2023-05-31 09:02:25
“It’s an attempt at sabotage.” Valérie Verdier, president and managing director of the Institute of Research for Development (IRD), one of the founding structures of the Institut Hospitalo-Universitaire (IHU) Méditerranée Infection, said at the mention of the study on the efficacy of hydroxychloroquine, which was made public on April 4 by Professor Didier Raoult. Like Eric Berton, president of Aix-Marseille Université (AMU), and François Crémieux, director general of the Marseille University Hospitals (AP-HM), both members of the IHU’s board of directors, she saw the online publication, in preprint, of this analysis co-authored by several of the institute’s top executives as a “bad move.” “It sets us back a step, at a time when we’re all trying to restore the IHU’s scientific legitimacy,” said Berton. Crémieux added, “The fact is that everything Didier Raoult says continues to be associated with the institute.”
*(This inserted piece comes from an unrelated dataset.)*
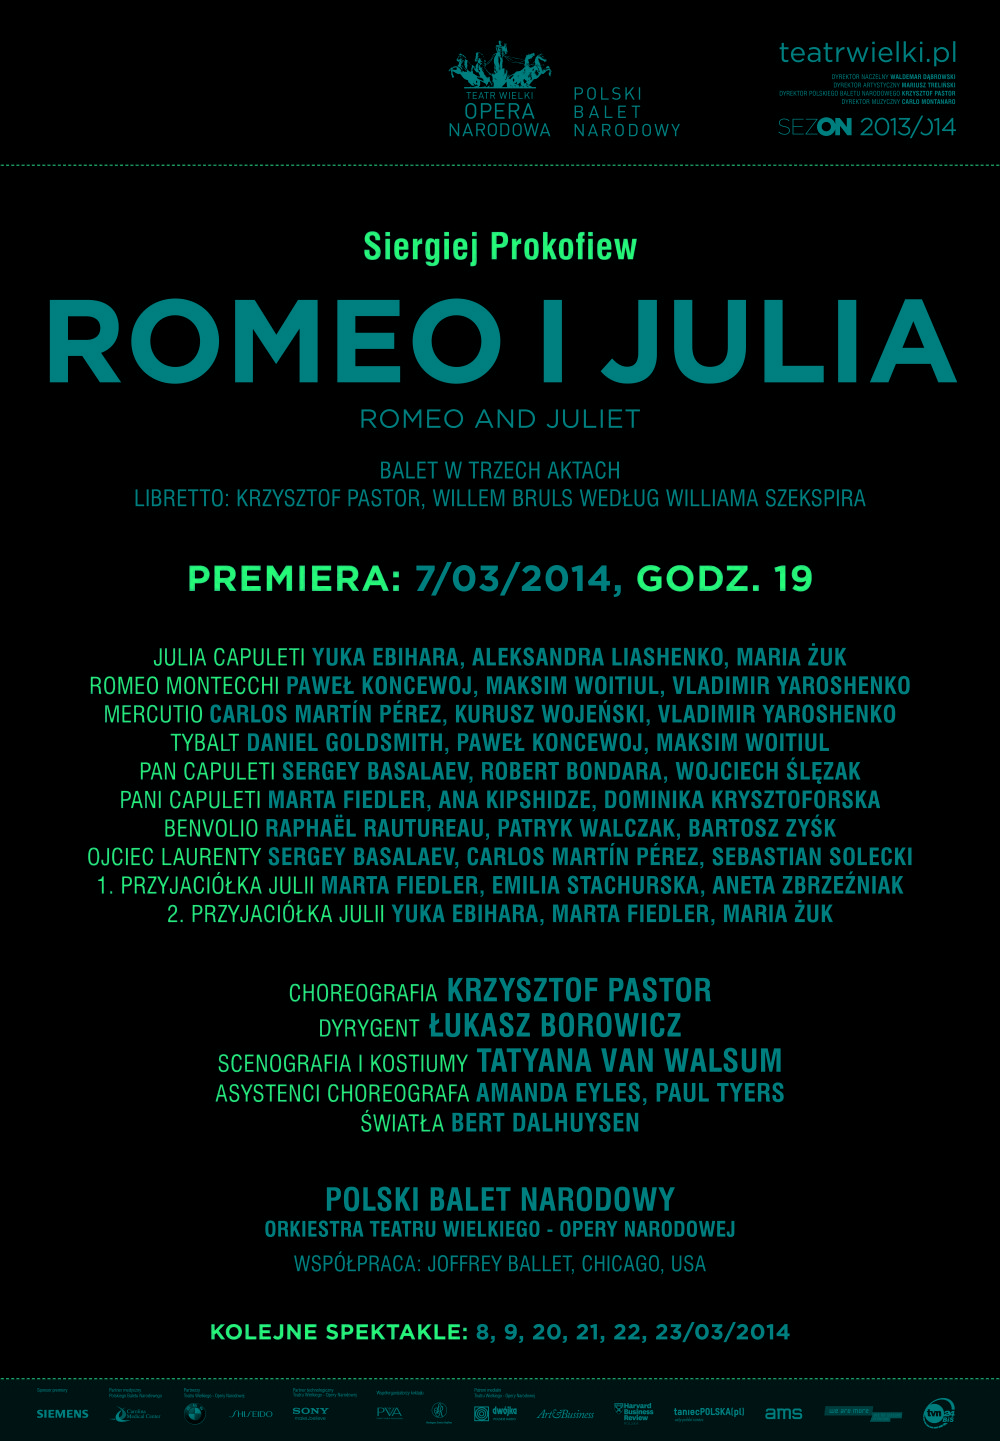 Afisz "Romeo i Julia" Siergiej Prokofiew / Krzysztof Pastor premiera 2014-03-07

Nine months following he stepped down as director of the Fondation Méditerranée Infection, the IHU’s parent organization, and the decision by the French National Agency for Drug Safety (ANSM) to ban all clinical research at the institute he was piloting, following an initial inspection in 2022, the retired Raoult is still present. “A bandaid,” said one researcher. More like a thorn, whose presence painfully stings those who had hoped to see him quickly fade away.
On Wednesday, May 24, as he does almost every day, the media-savvy doctor and microbiologist entered the IHU elevator. The access code to the fourth floor, the management floor, had not changed. The only difference for him was that his office was no longer on the right, but on the left as you exit the elevator. “A table in a workroom,” said Pierre-Edouard Fournier, who took over on September 1, 2022, and assured that he has no control over his predecessor’s situation.
Professor emeritus thanks to the Grand Prix awarded by the French National Institute of Health and Medical Research (INSERM) in 2010, Raoult has access to the IHU whenever he wants. And he doesn’t hold back from doing so, monitoring the work of his two latest Ph.D. students and working for the Japanese group Hitachi on the adaptation of electron microscopes to microbiology. There was no obligation to provide him with an office. But nobody offered an alternative. Especially not the university, which doesn’t want to be accused of extending the professor’s lease on one of its sites. “He is present, but his internal impact has become almost nil,” said Crémieux.